In an emotional Instagram post on Sunday, former ESPN reporter Sara Walsh chronicled her “road down a dark path” trying to get pregnant. The most heartbreaking part of her long journey? When she miscarried on live TV.

The ex–SportsCenter anchor opened up about what it was like to lose her first pregnancy while hosting a live sports event near the end of her first trimester. “The juxtaposition of college kids going nuts behind our set, while I was losing a baby on it, was surreal,” she writes in her post. “I was scared, nobody knew I was pregnant, so I did the show while having a miscarriage. On television.”

By definition, a miscarriage occurs when a pregnancy is lost before the 20th week. As many women sadly know firsthand, they are not uncommon. About 10% to 20% of all known pregnancies end in miscarriage.

But while most women who miscarry can be physically close to their partner and experience their immediate support in the moment, Walsh was thousands of miles from her husband at the time. She could only text him about the loss during commercial breaks, when she wasn’t on air. 

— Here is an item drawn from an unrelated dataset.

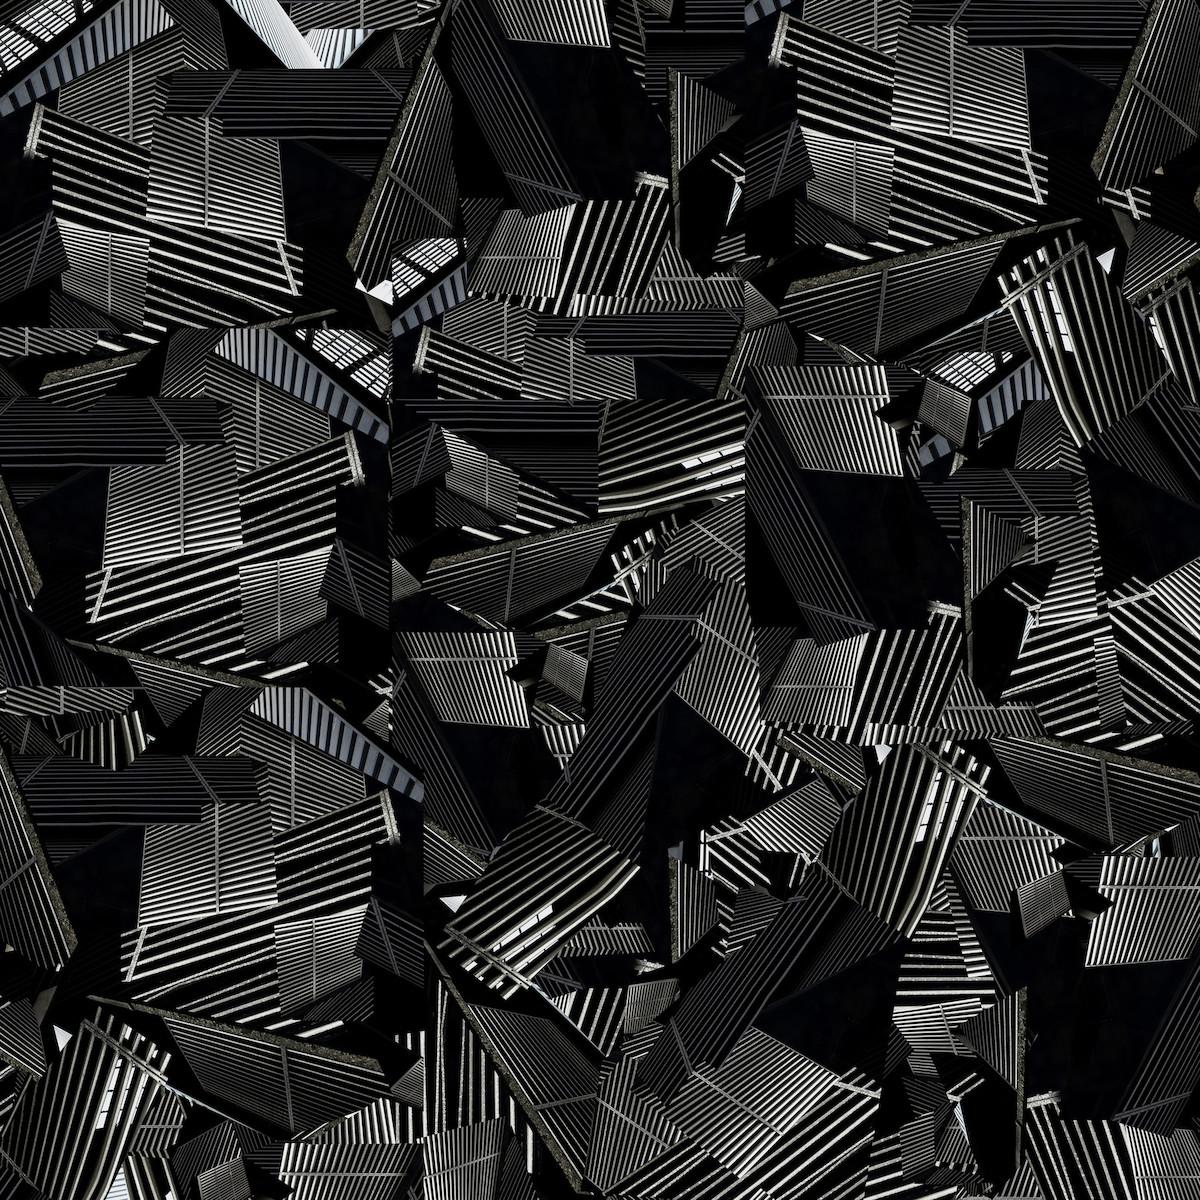 Steve Sabella - Metamorphosis, 2012 - Contemporary Art Platform, Koweit
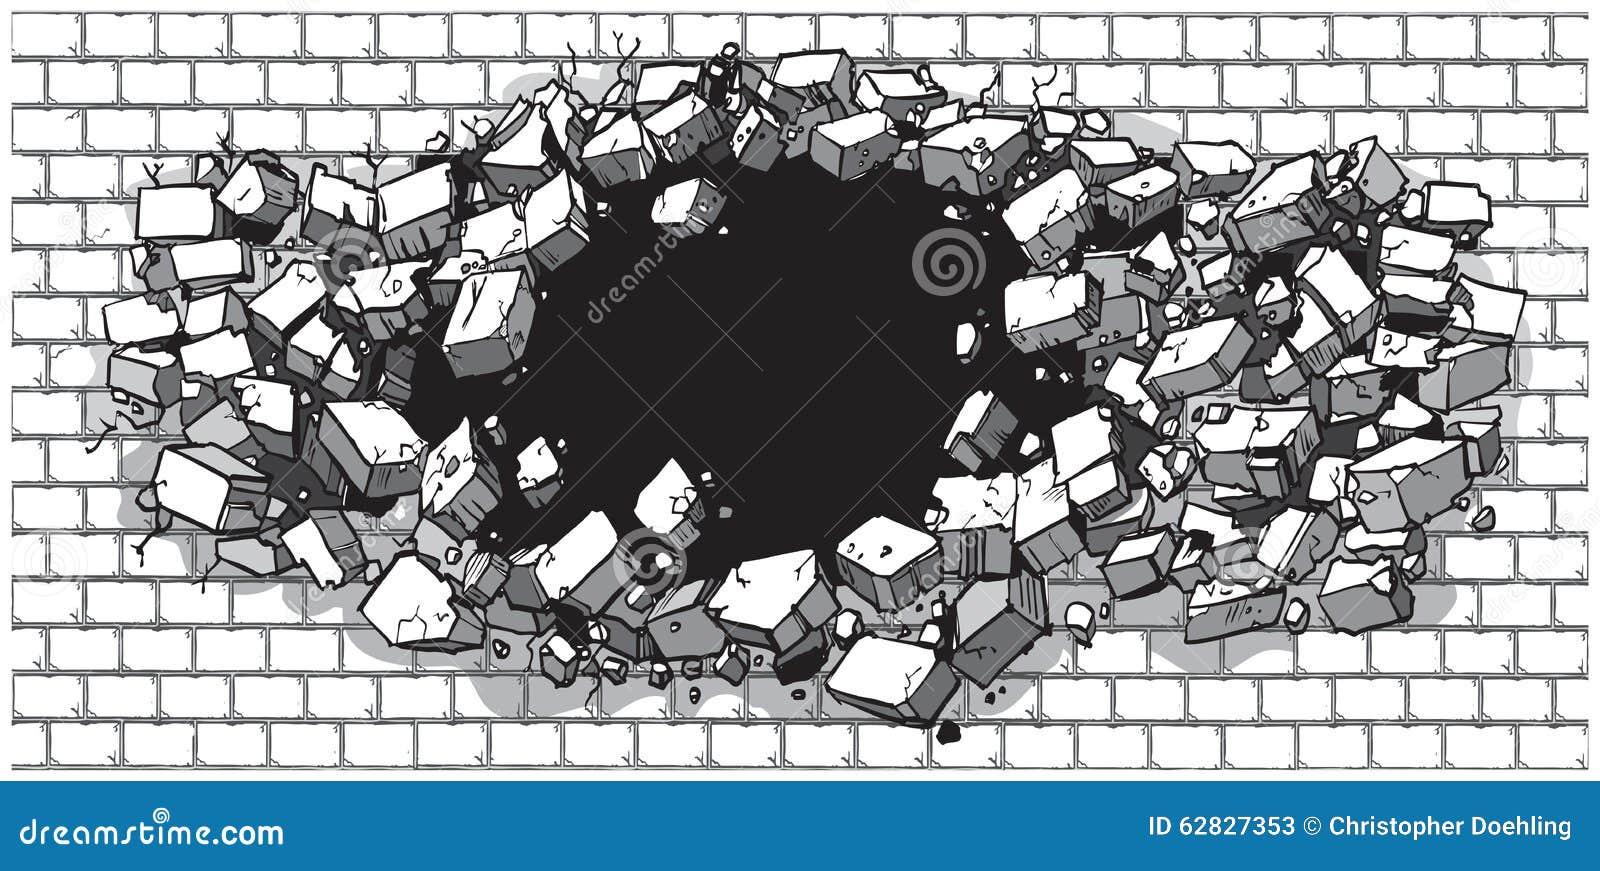 Agujero que se rompe a través de la pared de ladrillo ancha

https://www.instagram.com/p/BUF_v90gu7e/?taken-by=sarawalsh10

My mother bought them these onesies because she thought they were funny. For us, they're especially poignant. Finding a good egg didn't come easy for me, and I suspect there are many people out there facing the same struggle. The road down a dark path began while hosting Sportscenter on the road from Alabama. I arrived in Tuscaloosa almost three months pregnant. I wouldn't return the same way. The juxtaposition of college kids going nuts behind our set, while I was losing a baby on it, was surreal. I was scared, nobody knew I was pregnant, so I did the show while having a miscarriage. On television. My husband had to watch this unfold from more than a thousand miles away, texting me hospital options during commercial breaks. It would get worse. Two more failed pregnancies. More than once, I'd have surgery one day and be on SportsCenter the next so as not to draw attention to my situation. We then went down the IVF road of endless shots and procedures. After several rounds, we could only salvage two eggs. I refused to even use them for a long time, because I couldn't bear the idea of all hope being gone. I blew off pregnancy tests, scared to know if it worked. It had. Times two. It was exciting news, but we knew better than to celebrate. So I spent a third straight football season pregnant, strategically picking out clothes and standing at certain angles, using scripts to hide my stomach. There would be no baby announcement, no shower, we didn't buy a single thing in preparation for the babies, because I wasn't sure they'd show up. We told very few people we were pregnant, and almost no one there were two. For those that thought I was weirdly quiet about my pregnancy, now you know why. For as long as I can remember I hosted Sportscenter on Mother's Day, and the last couple years doing that have been personally brutal. An hours-long reminder of everything that had gone wrong. I wasn't on tv today, and I'm not sure when I will be again, but instead I got to hang with these two good eggs. My ONLY good eggs. And I know how lucky I really am. #twins #ivf

A post shared by Sara Walsh (@sarawalsh10) on

Her on-air miscarriage was just the beginning of her difficult journey toward motherhood. Walsh lost two more pregnancies  in the next two years. She and her husband decided to give IVF a try, enduring months of hormone shots and procedures. “More than once, I’d have surgery one day and be on SportsCenter the next so as not to draw attention to my situation,” she writes.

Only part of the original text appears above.